Every line of the material below should be output exactly as written, with the images skipped.

[[ Dataset section, beginning ]]

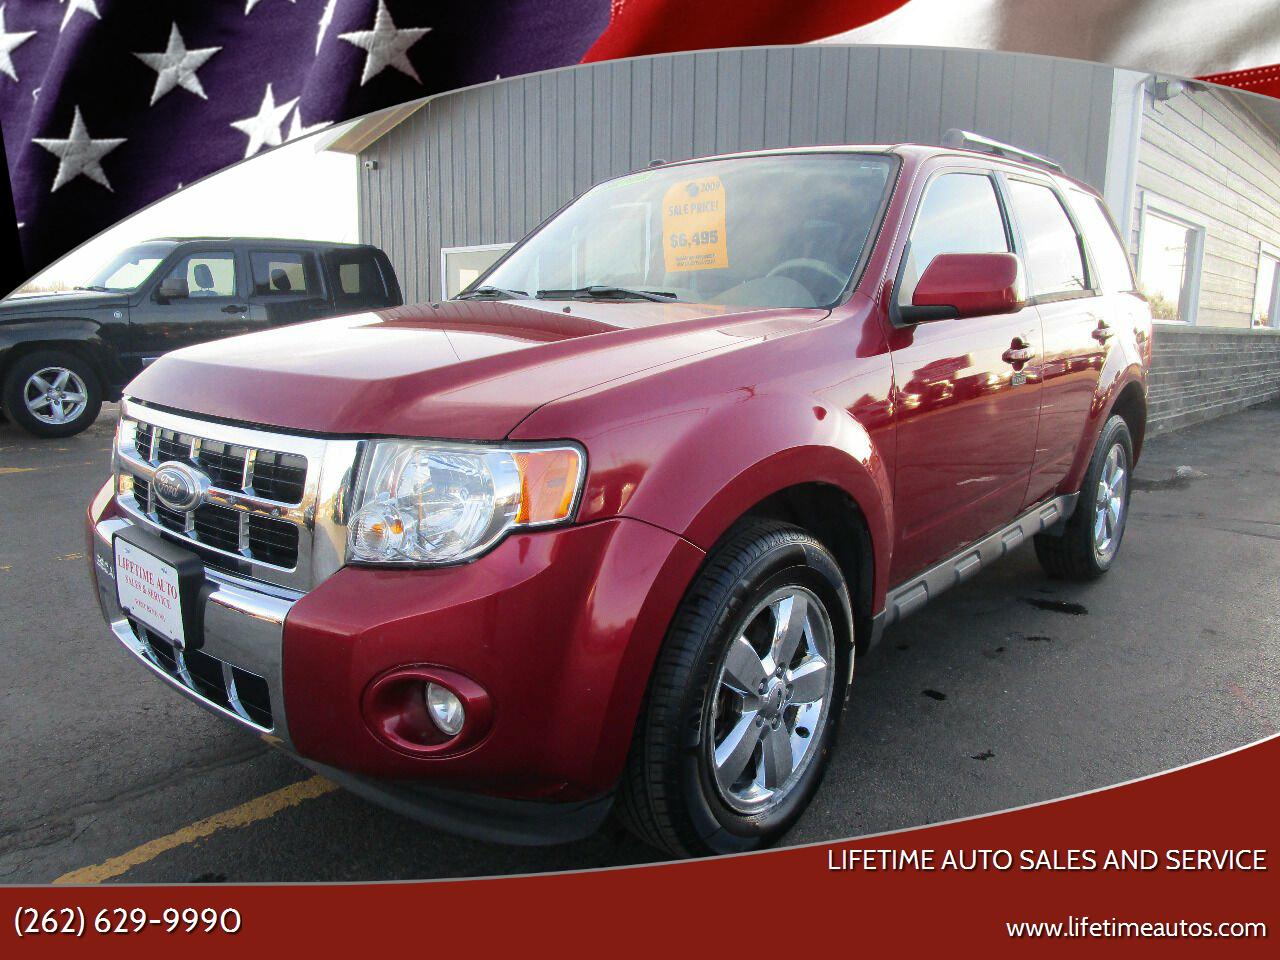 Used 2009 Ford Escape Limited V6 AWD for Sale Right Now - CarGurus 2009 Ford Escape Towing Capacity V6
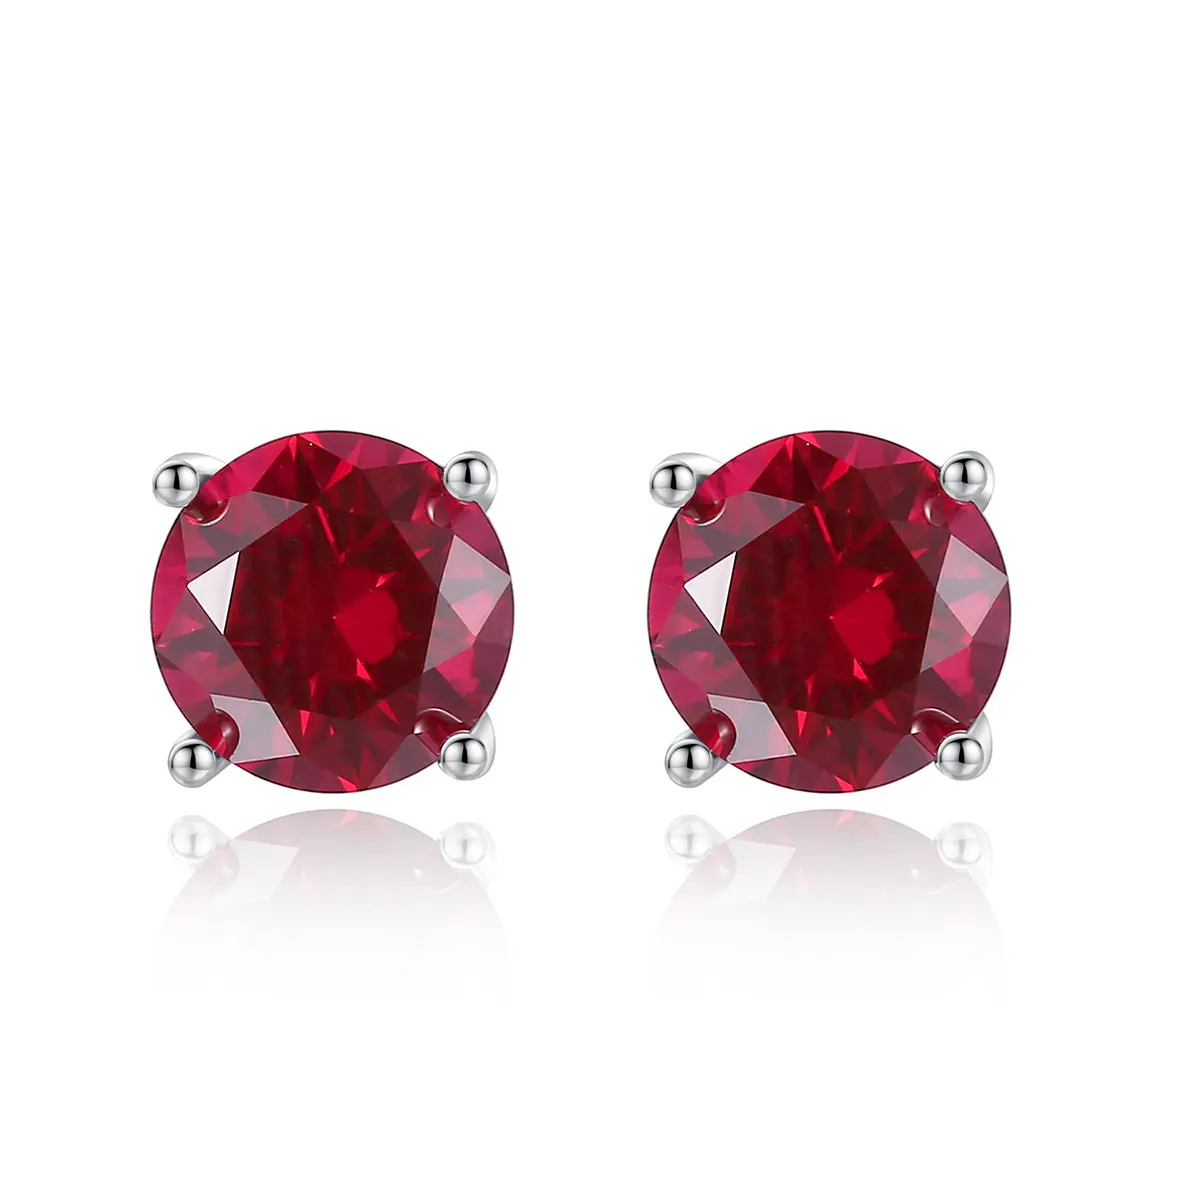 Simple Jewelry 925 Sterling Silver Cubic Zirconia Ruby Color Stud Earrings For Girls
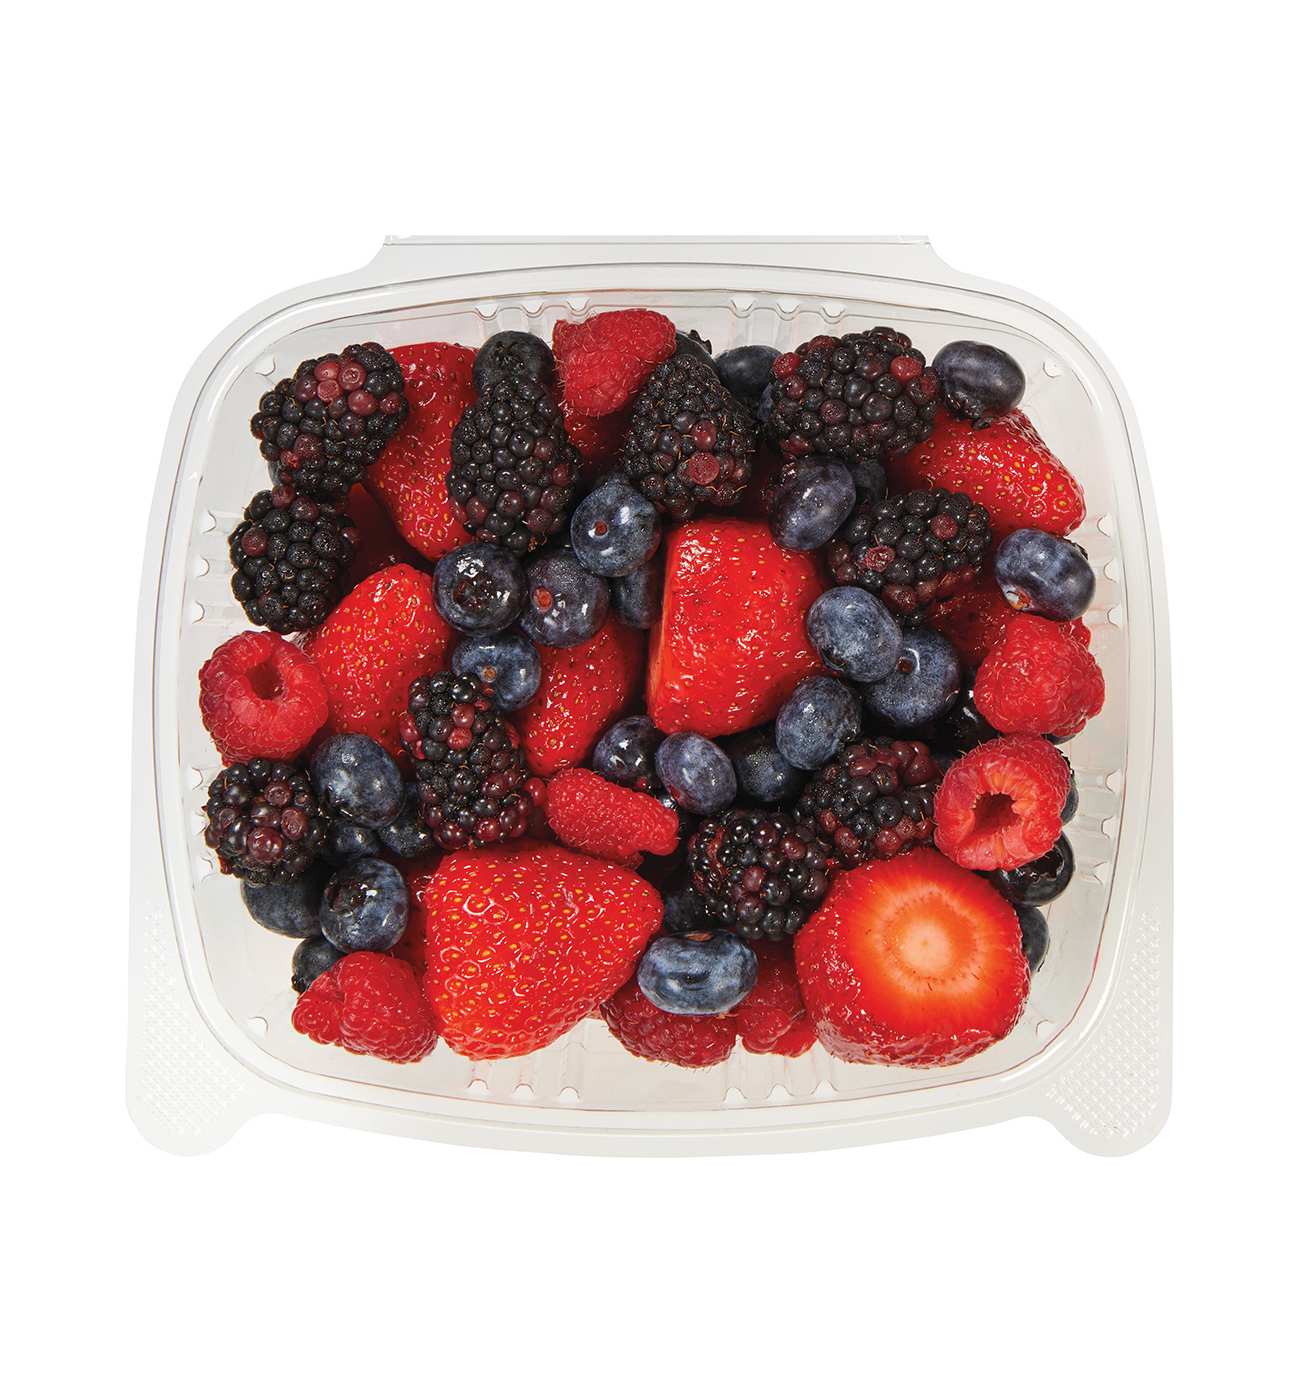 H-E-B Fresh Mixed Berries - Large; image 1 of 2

[[ Dataset section, end ]]

The answer
 Used 2009 Ford Escape Limited V6 AWD for Sale Right Now - CarGurus 2009 Ford Escape Towing Capacity V6
 Simple Jewelry 925 Sterling Silver Cubic Zirconia Ruby Color Stud Earrings For Girls
 H-E-B Fresh Mixed Berries - Large; image 1 of 2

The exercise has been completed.